* _Given data_
^^^^

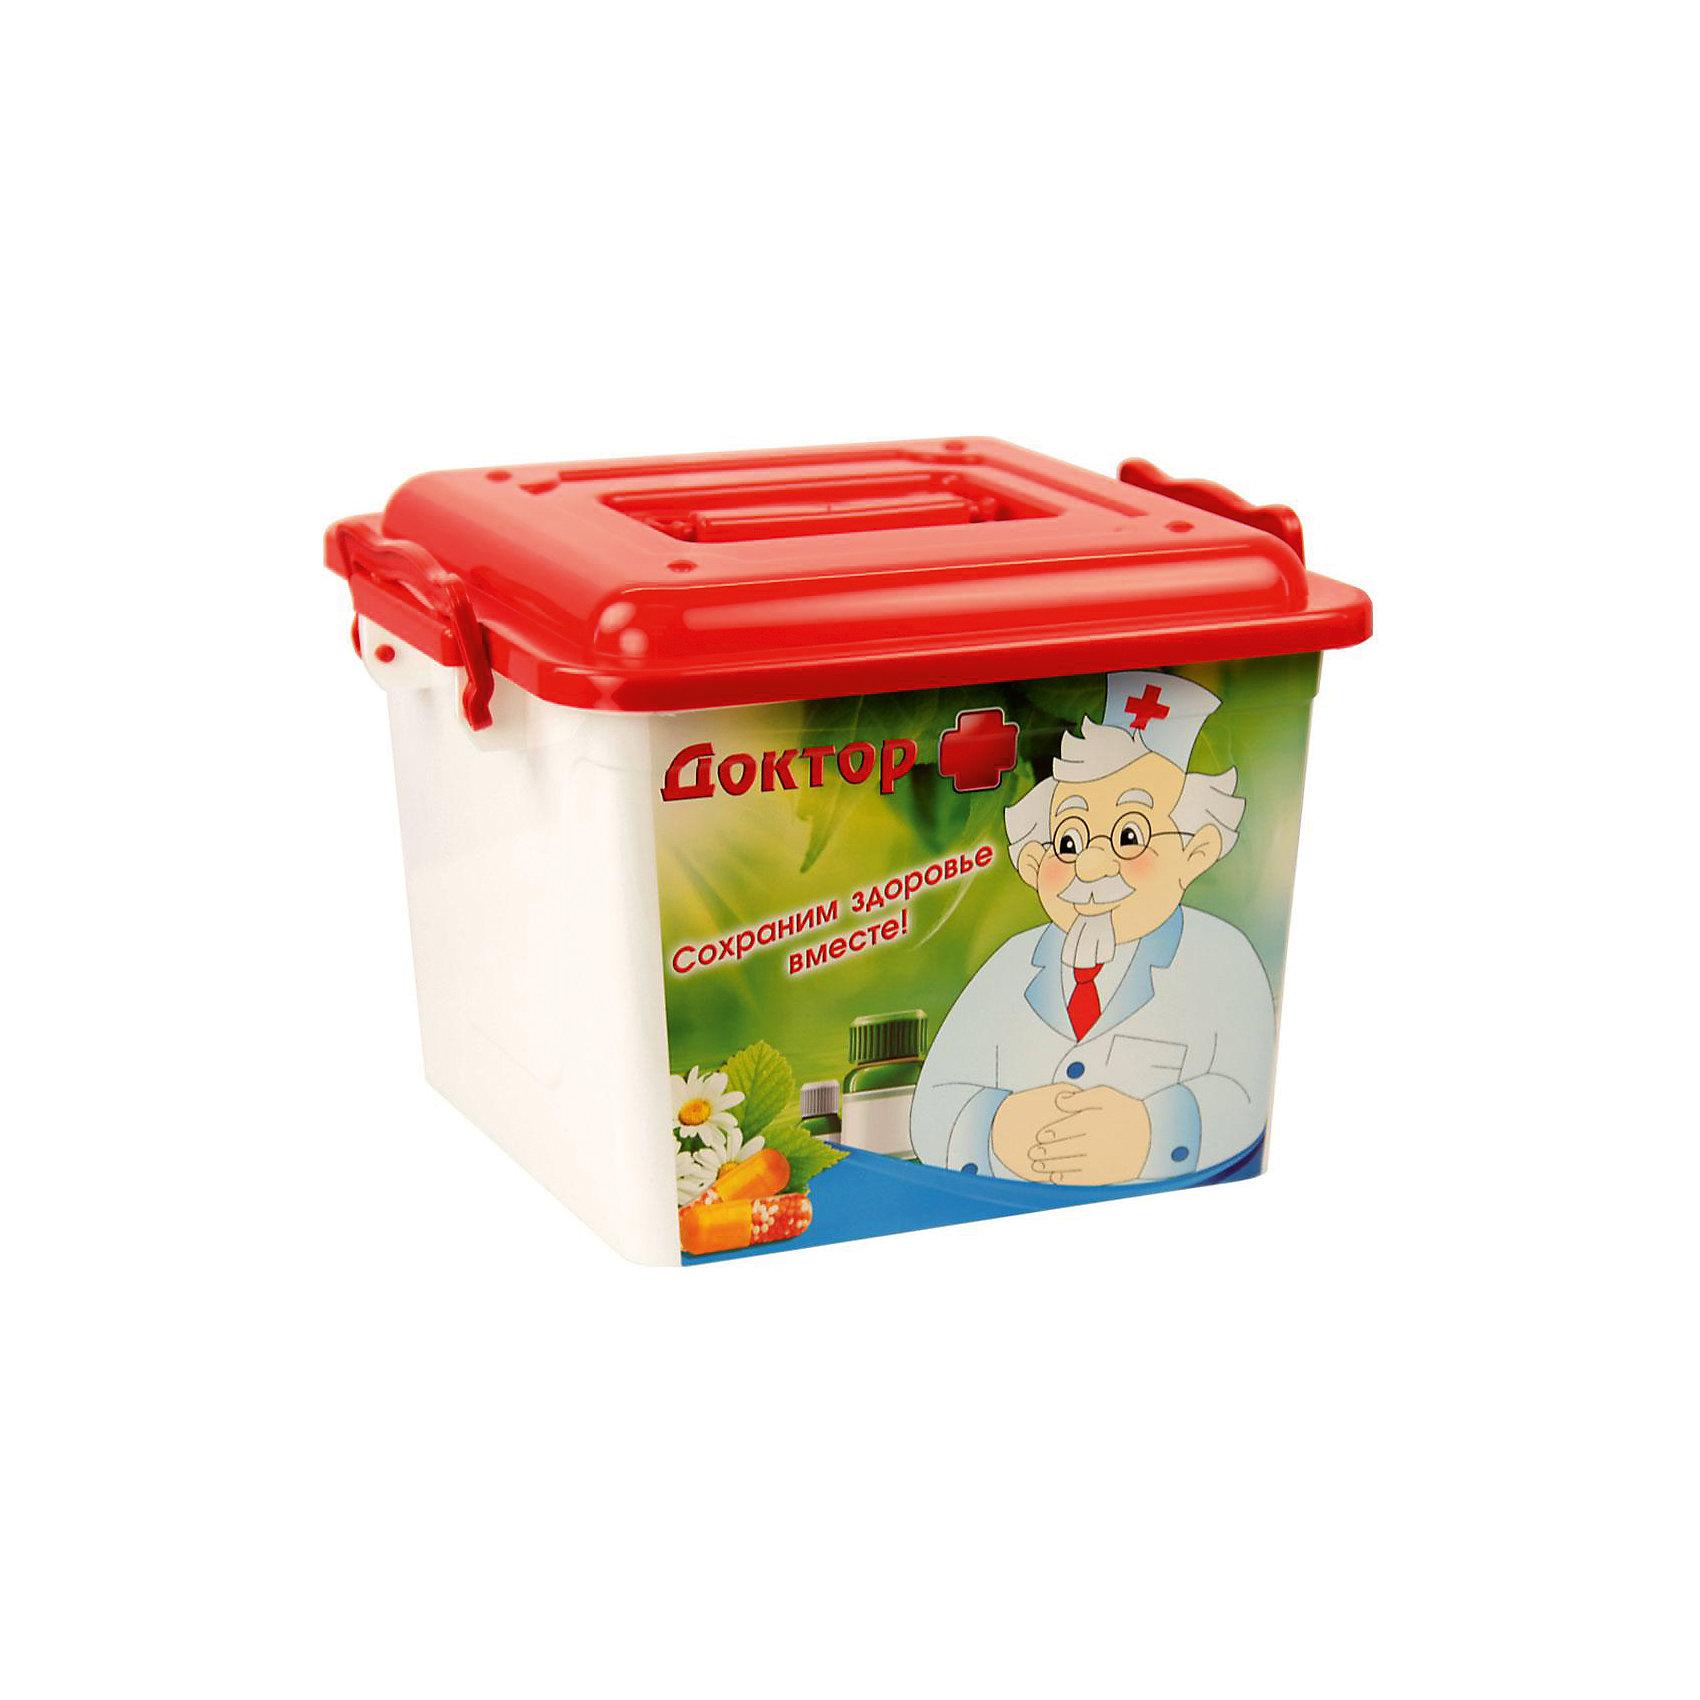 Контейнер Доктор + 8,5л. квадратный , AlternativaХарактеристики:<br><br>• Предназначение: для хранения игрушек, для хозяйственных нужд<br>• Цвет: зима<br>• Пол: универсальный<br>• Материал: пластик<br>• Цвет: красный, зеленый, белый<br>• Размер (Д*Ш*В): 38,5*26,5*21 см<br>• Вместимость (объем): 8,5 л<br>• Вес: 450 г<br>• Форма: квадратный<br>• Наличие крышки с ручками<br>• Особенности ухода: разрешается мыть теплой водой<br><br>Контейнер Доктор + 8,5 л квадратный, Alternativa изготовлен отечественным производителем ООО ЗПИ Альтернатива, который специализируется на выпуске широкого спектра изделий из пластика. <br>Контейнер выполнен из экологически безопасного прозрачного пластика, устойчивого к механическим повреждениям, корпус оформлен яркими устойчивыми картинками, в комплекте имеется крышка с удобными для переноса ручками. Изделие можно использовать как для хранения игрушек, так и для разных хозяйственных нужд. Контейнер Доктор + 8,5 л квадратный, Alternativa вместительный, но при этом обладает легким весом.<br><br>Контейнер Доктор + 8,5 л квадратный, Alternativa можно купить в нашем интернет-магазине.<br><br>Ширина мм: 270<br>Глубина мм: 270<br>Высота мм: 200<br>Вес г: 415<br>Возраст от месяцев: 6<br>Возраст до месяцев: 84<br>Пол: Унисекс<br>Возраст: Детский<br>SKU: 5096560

^^^^

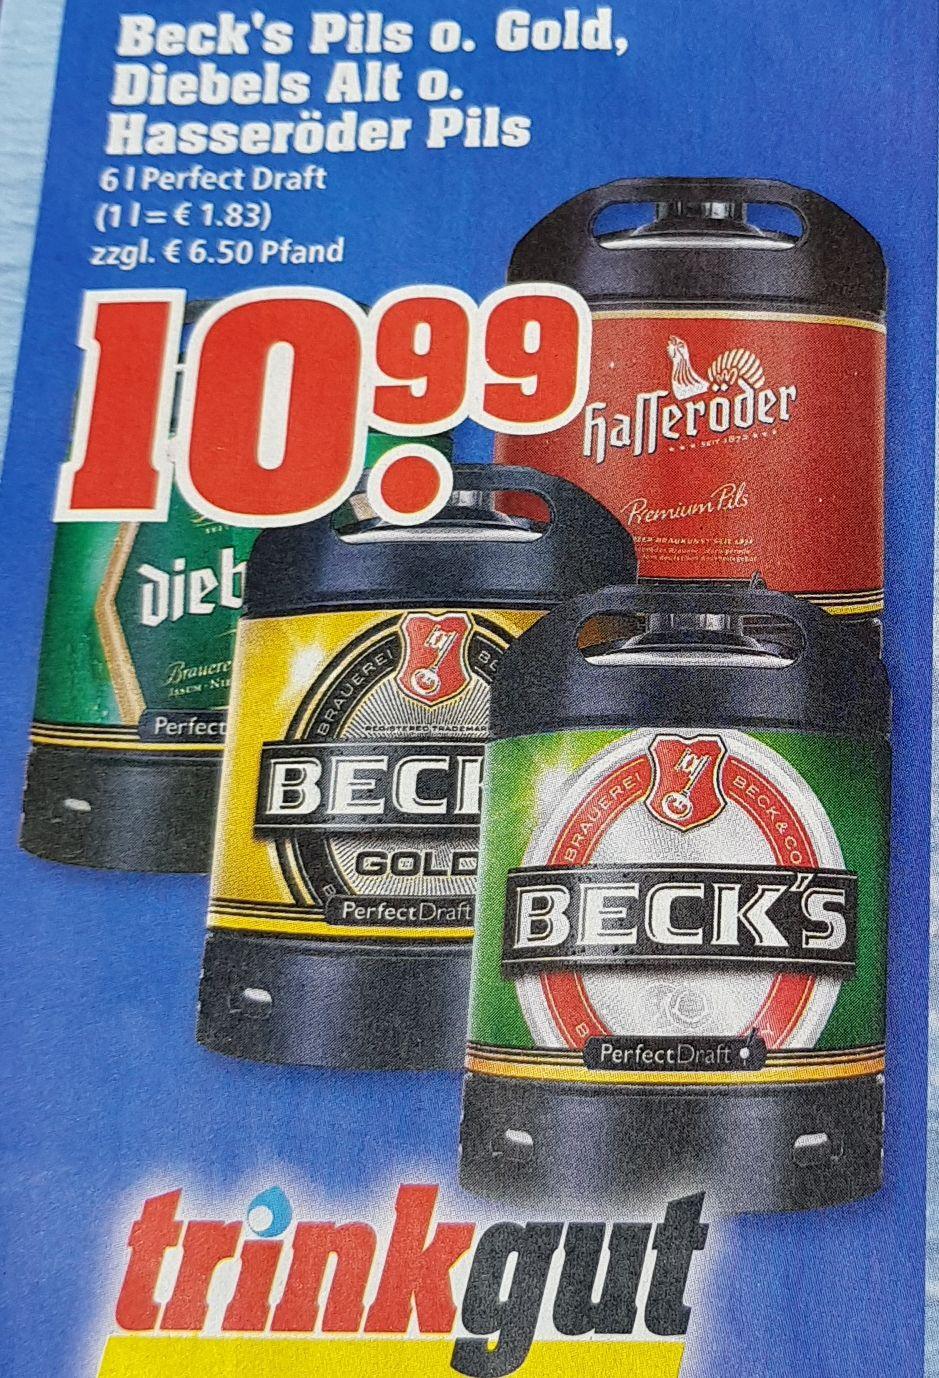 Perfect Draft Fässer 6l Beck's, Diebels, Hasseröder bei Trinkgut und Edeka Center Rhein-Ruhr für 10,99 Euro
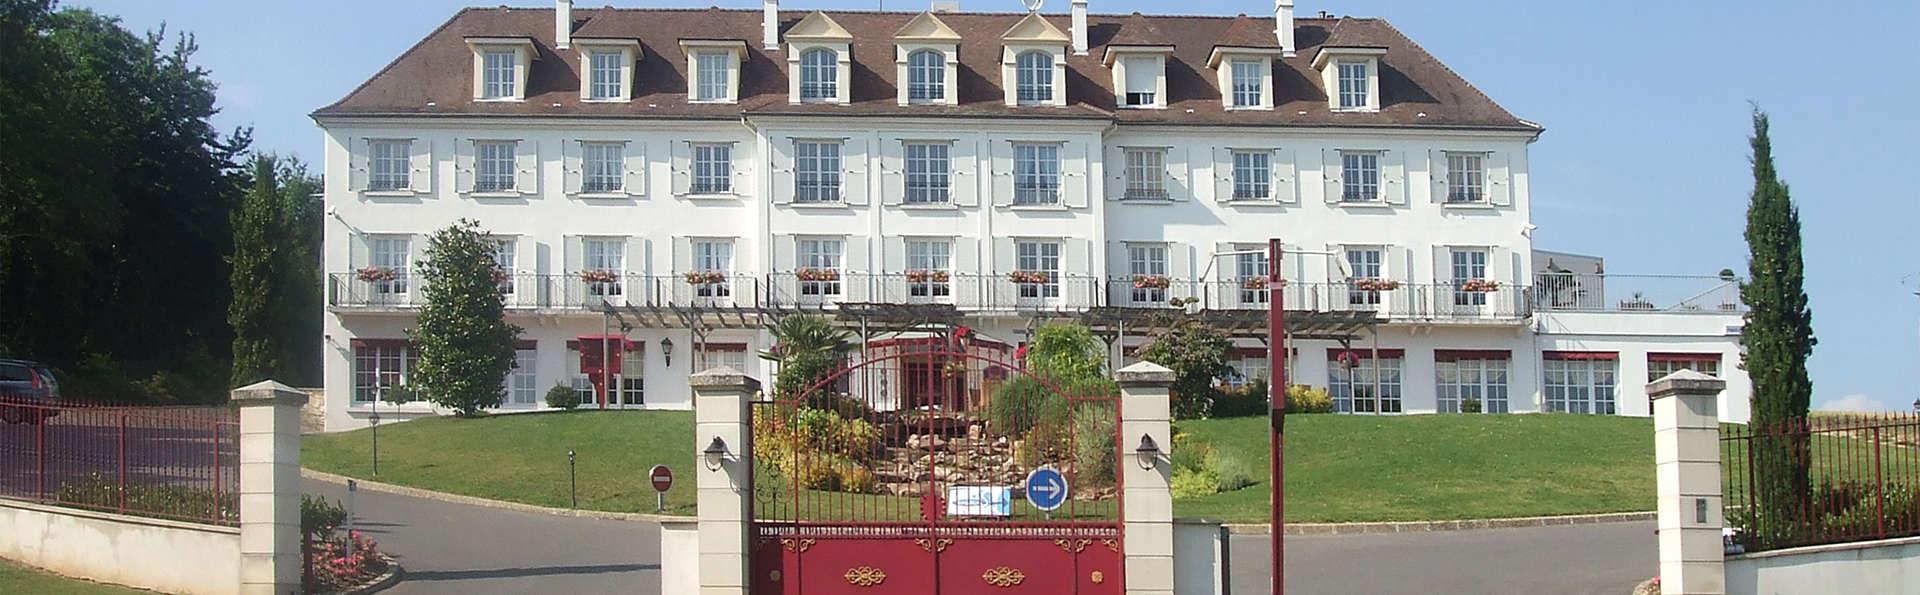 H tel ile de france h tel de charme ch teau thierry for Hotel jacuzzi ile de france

^^^^

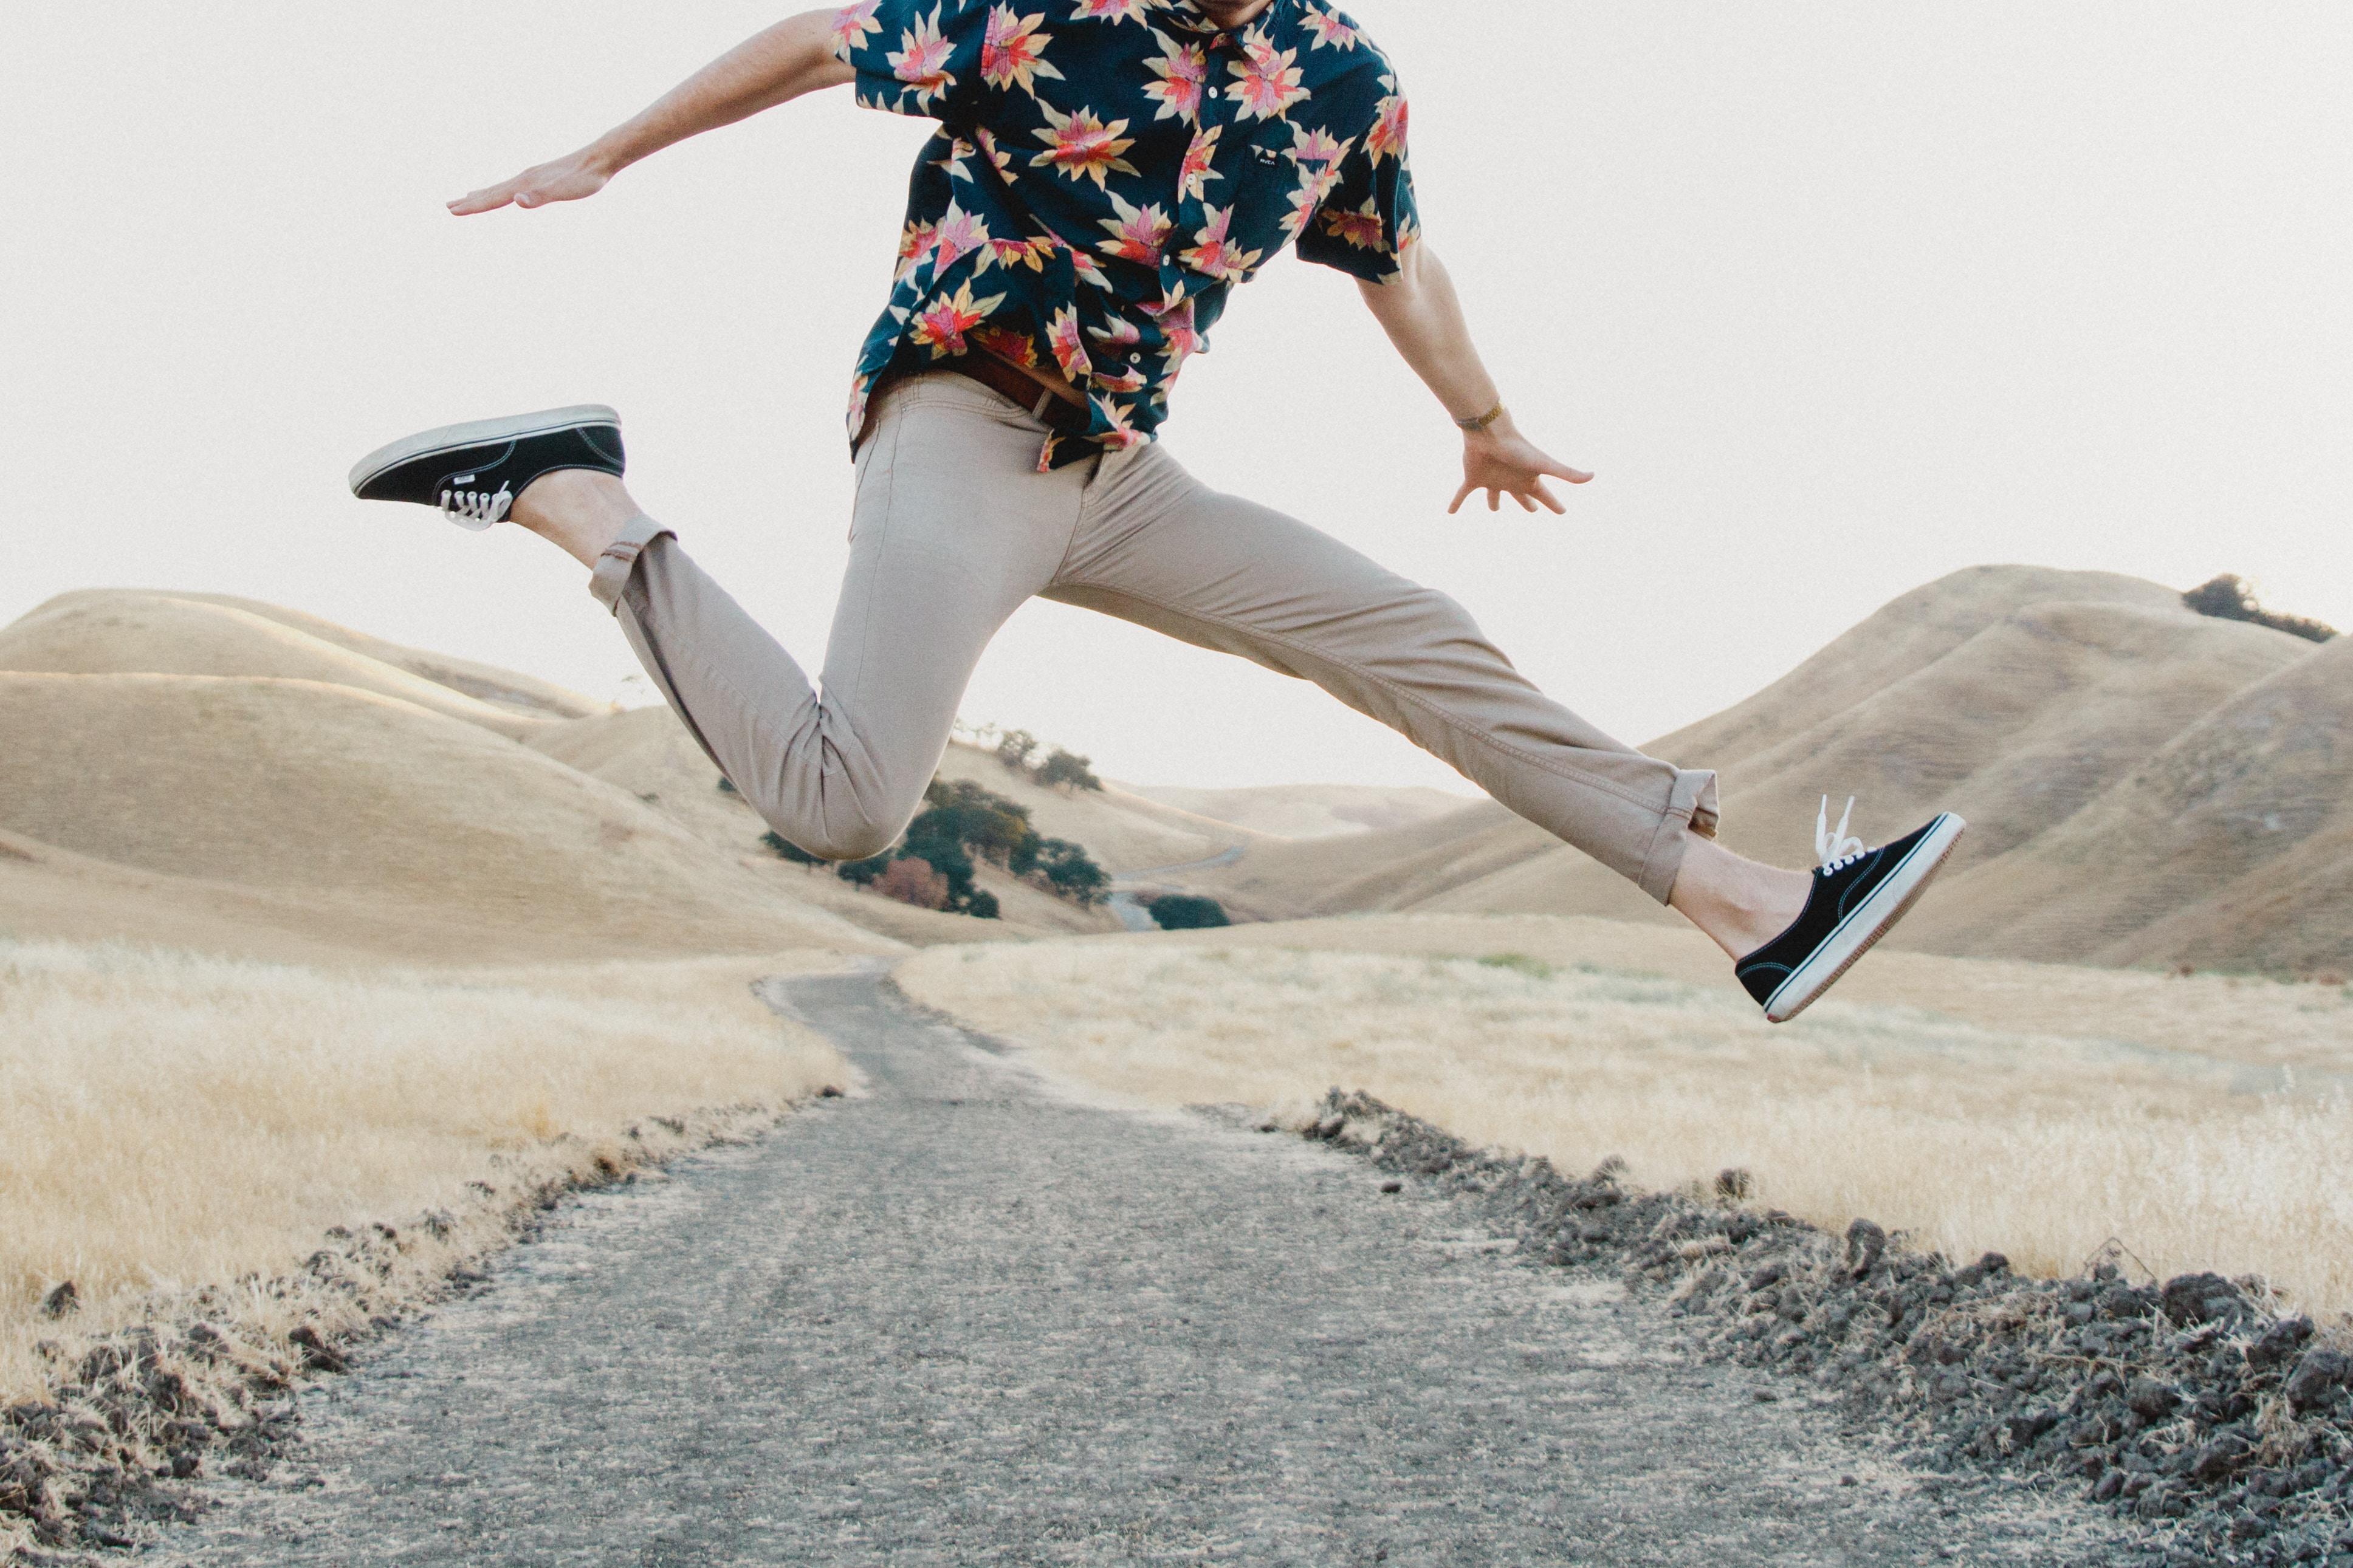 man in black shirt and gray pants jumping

^^^^

Above are entries with pictures among them. Write out exactly the lines from the one containing "Perfect Draft Fässer" through the one containing "H tel ile de", ends included, and leave those pictures out.

* _Task result_
 Perfect Draft Fässer 6l Beck's, Diebels, Hasseröder bei Trinkgut und Edeka Center Rhein-Ruhr für 10,99 Euro
 H tel ile de france h tel de charme ch teau thierry for Hotel jacuzzi ile de france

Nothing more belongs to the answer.